Here are some examples of FFTrees created from datasets in the `FFTrees`

package

The `mushrooms`

dataset contains data about mushrooms (see `?mushrooms`

for details). The goal of our model is to predict which mushrooms are poisonous based on 22 cues ranging from the mushroom’s odor, color, etc.

Let’s create some trees. We’ll start by creating a training and test dataset:

```
set.seed(100) # For replicability of the training / test data split
train.samples <- sample(nrow(mushrooms), size = 4000)
mushrooms.train <- mushrooms[train.samples, ]
mushrooms.test <- mushrooms[setdiff(1:nrow(mushrooms), train.samples), ]
mushrooms.fft <- FFTrees(formula = poisonous ~.,
data = mushrooms.train,
data.test = mushrooms.test)
```

```
## Warning in predict.lm(object, newdata, se.fit, scale = 1, type =
## ifelse(type == : prediction from a rank-deficient fit may be misleading
```

Here’s basic information about the trees:

`mushrooms.fft`

```
## [1] "6 FFTs using up to 4 of 22 cues"
## [1] "FFT #3 uses 2 cues {odor,sporepc} with the following performance:"
## train test
## n 4000.00 4124.00
## pci 0.94 0.94
## mcu 1.47 1.46
## acc 0.93 0.93
## bacc 0.93 0.93
## sens 0.86 0.85
## spec 1.00 1.00
```

First, let’s look at the individual cue training accuracies with `plot()`

:

`plot(mushrooms.fft, main = "Mushrooms", what = "cues")`

It looks like the cues *oder* and *sporepc* are the best predictors. in fact, the single cue *odor* has a hit rate of 97% and a false alarm rate of 0%! Based on this, we should expect the final trees to use just these cues.

Now let’s plot the best tree applied to the test dataset

```
plot(mushrooms.fft,
data = "test",
description = "Mushrooms FFT",
decision.names = c("Safe", "Poisonous"))
```

Indeed, it looks like the best tree only uses the *odor* and *sporepc* cues. In our test dataset, the tree had a false alarm rate of 0% (1 - specificity), and a hit rate of 85%.
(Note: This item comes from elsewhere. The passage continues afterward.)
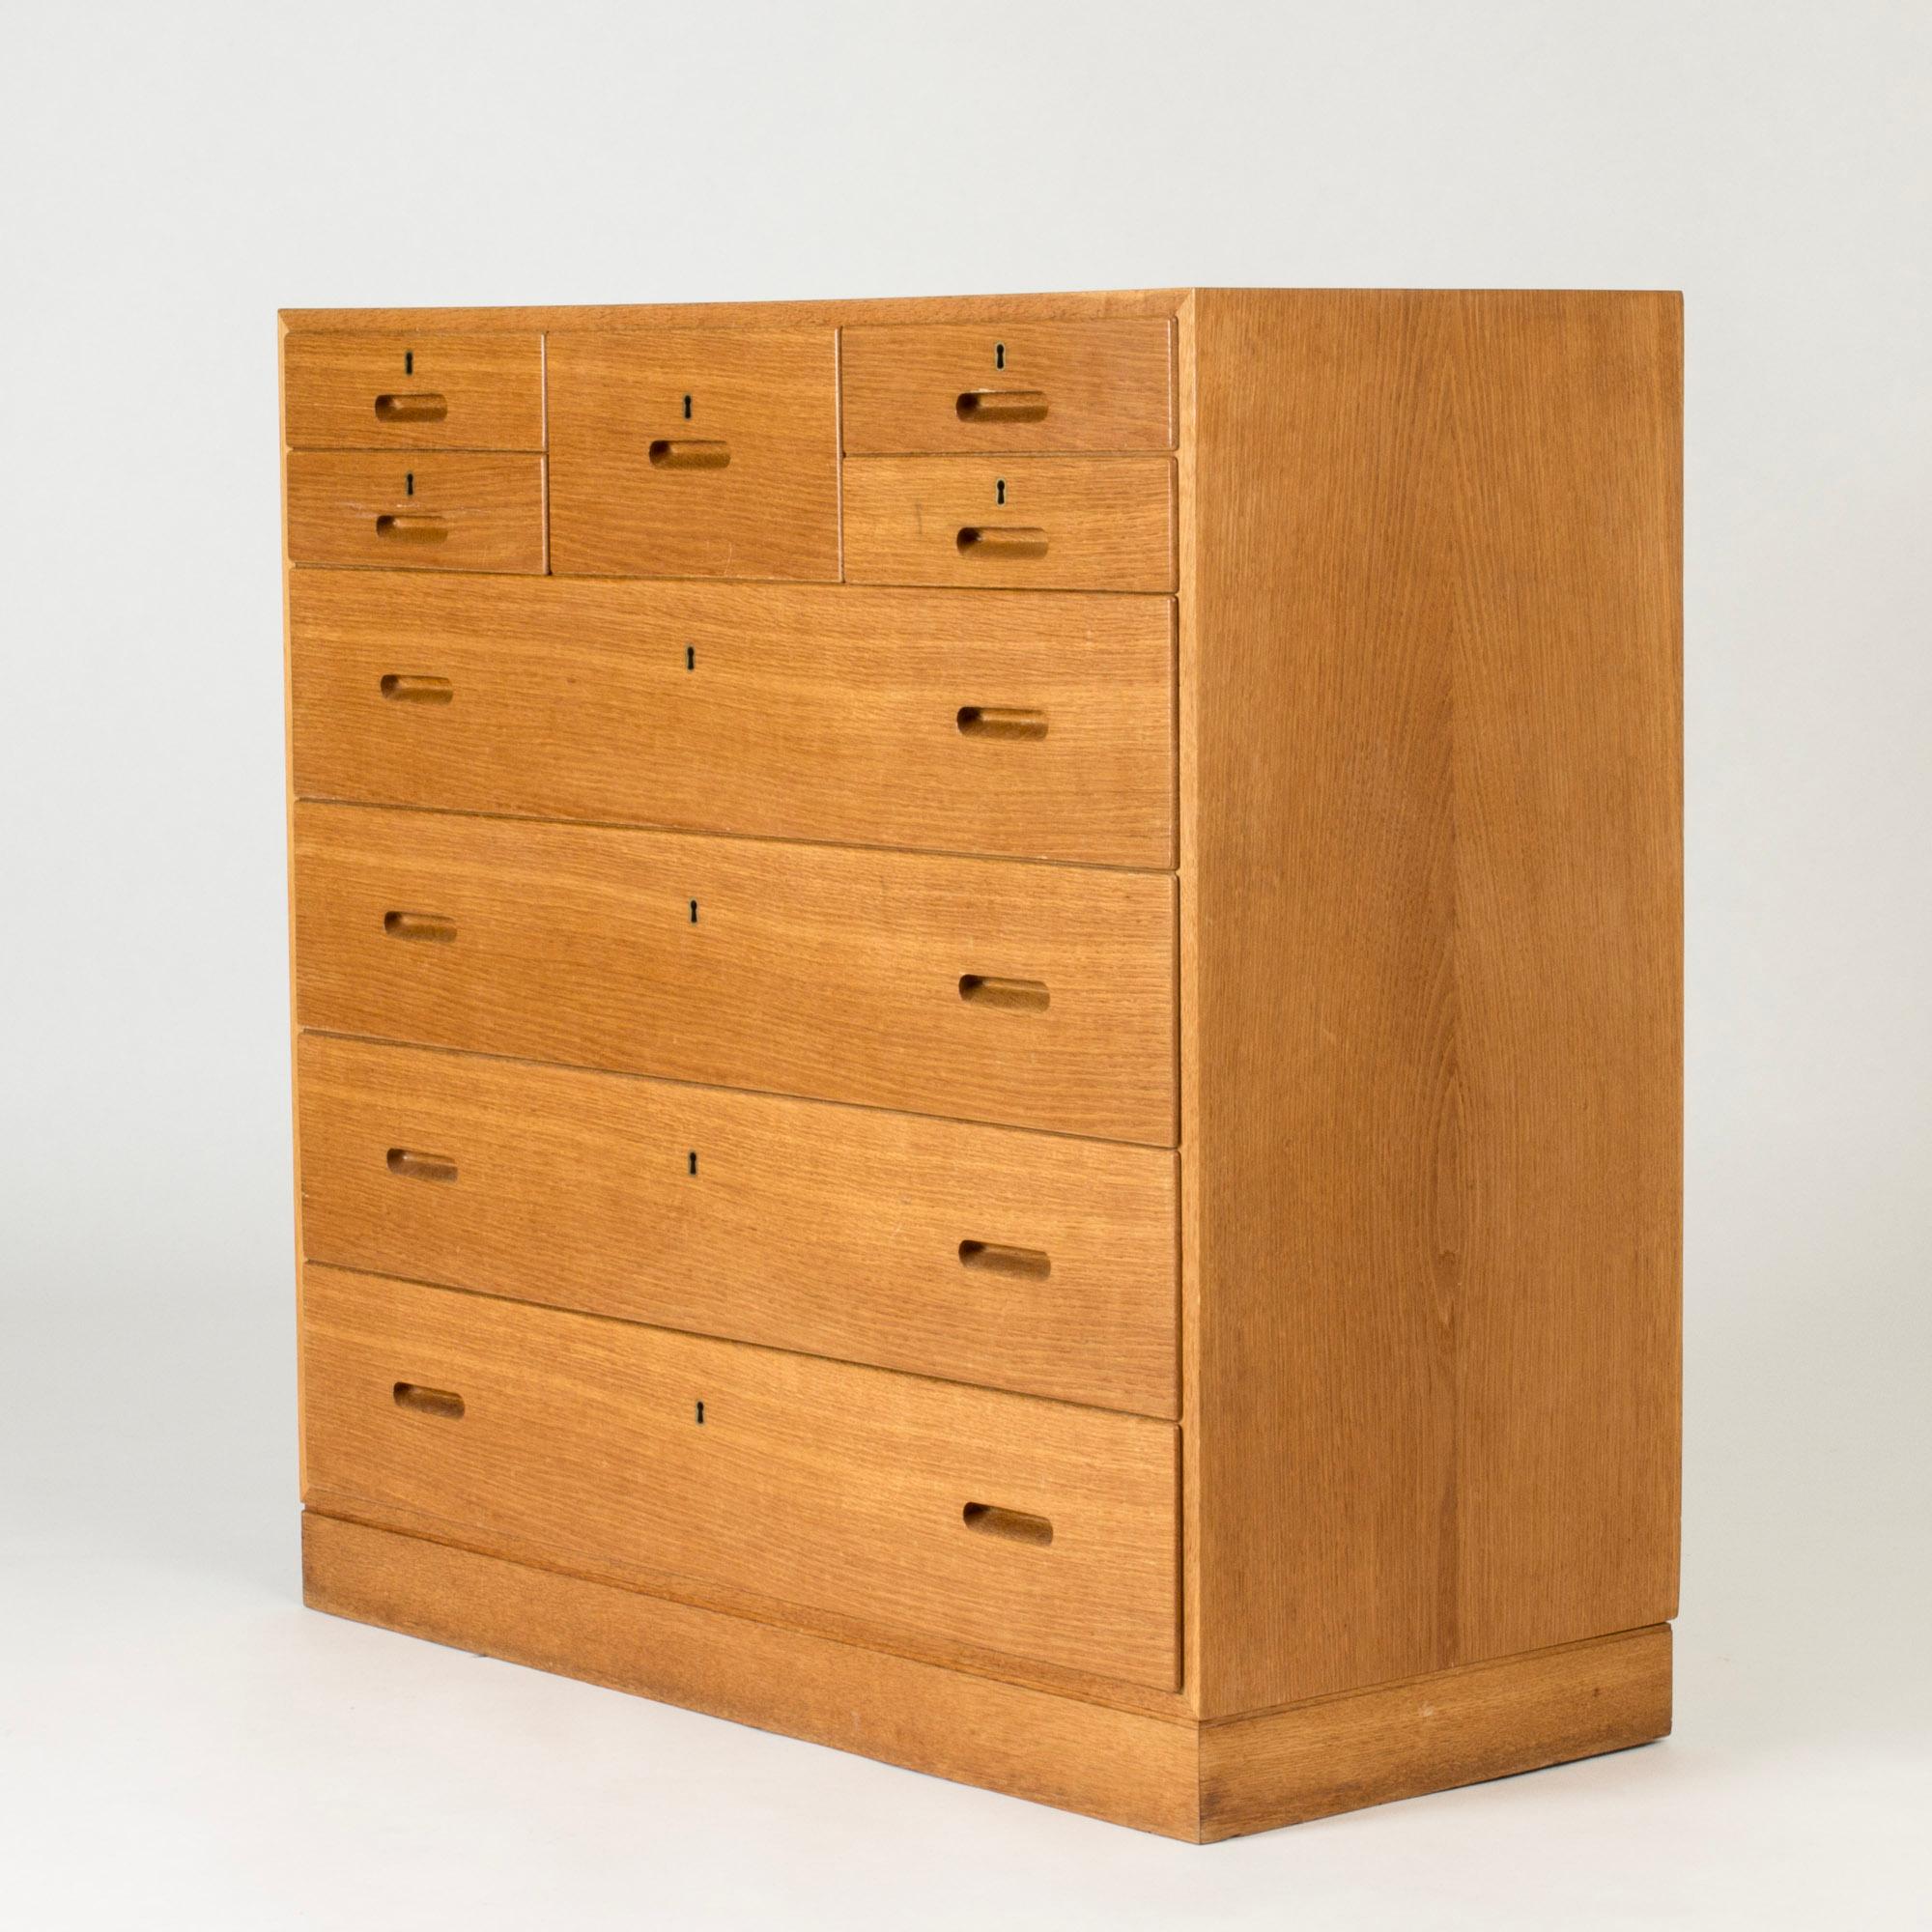 Cool chest of drawers by Kai Winding, made from oak in a lovely warm color. Large model with several drawers in different sizes, forming a cool pattern. Recessed drawer handles.

Now, let’s say that you talk to a mushroom expert who says that we are using the wrong cues. According to her, the best predictors for poisonous mushrooms are *ringtype* and *ringnum*. Let’s build a set of trees with these cues and see how they perform relative to our initial tree:

```
mushrooms.ring.fft <- FFTrees(formula = poisonous ~ ringtype + ringnum,
data = mushrooms.train,
data.test = mushrooms.test)
```

```
## Warning in predict.lm(object, newdata, se.fit, scale = 1, type =
## ifelse(type == : prediction from a rank-deficient fit may be misleading
```

Here is the final tree:

```
plot(mushrooms.ring.fft,
data = "test",
description = "Mushrooms (Ring only) FFT",
decision.names = c("Safe", "Poisonous"))
```

As we can see, this tree did not perform nearly as well as our earlier one.

The `iris.v`

dataset contains data about 150 flowers (see `?iris.v`

). Our goal is to predict which flowers are of the class Virginica. In this example, we’ll create trees using the entire dataset (without an explicit test dataset)

```
iris.fft <- FFTrees(formula = virginica ~.,
data = iris.v)
```

First, let’s look at the individual cue training accuracies with `showcues`

:

`plot(iris.fft, what = "cues")`

It looks like the cues *pet.wid* and *pet.len* are the best predictors. Based on this, we should expect the final trees will likely use just one or both of these cues

Now let’s plot the best tree applied to the test dataset

```
plot(iris.fft,
description = "Iris FFT",
decision.names = c("Not V", "Virginica"))
```

Indeed, it looks like the best tree only uses the *pet.wid* and *pet.len* cues. In our test dataset, the tree had a false alarm rate of 6% (1 - specificity) and a hit rate of 100%.

Now, this tree did quite well, but what if someone wants a tree with the lowest possible false alarm rate. If we look at the ROC plot in the bottom left corner of the plot above, we can see that tree #2 has a false alarm rate close to 0%. Let’s look at that tree:

```
plot(iris.fft,
description = "Iris FFT",
decision.names = c("Not V", "Virginica"),
tree = 2) # Show tree #6
```

As you can see, this tree does indeed have a lower false alarm rate of 2%. However, it comes at a cost of a lower hit-rate.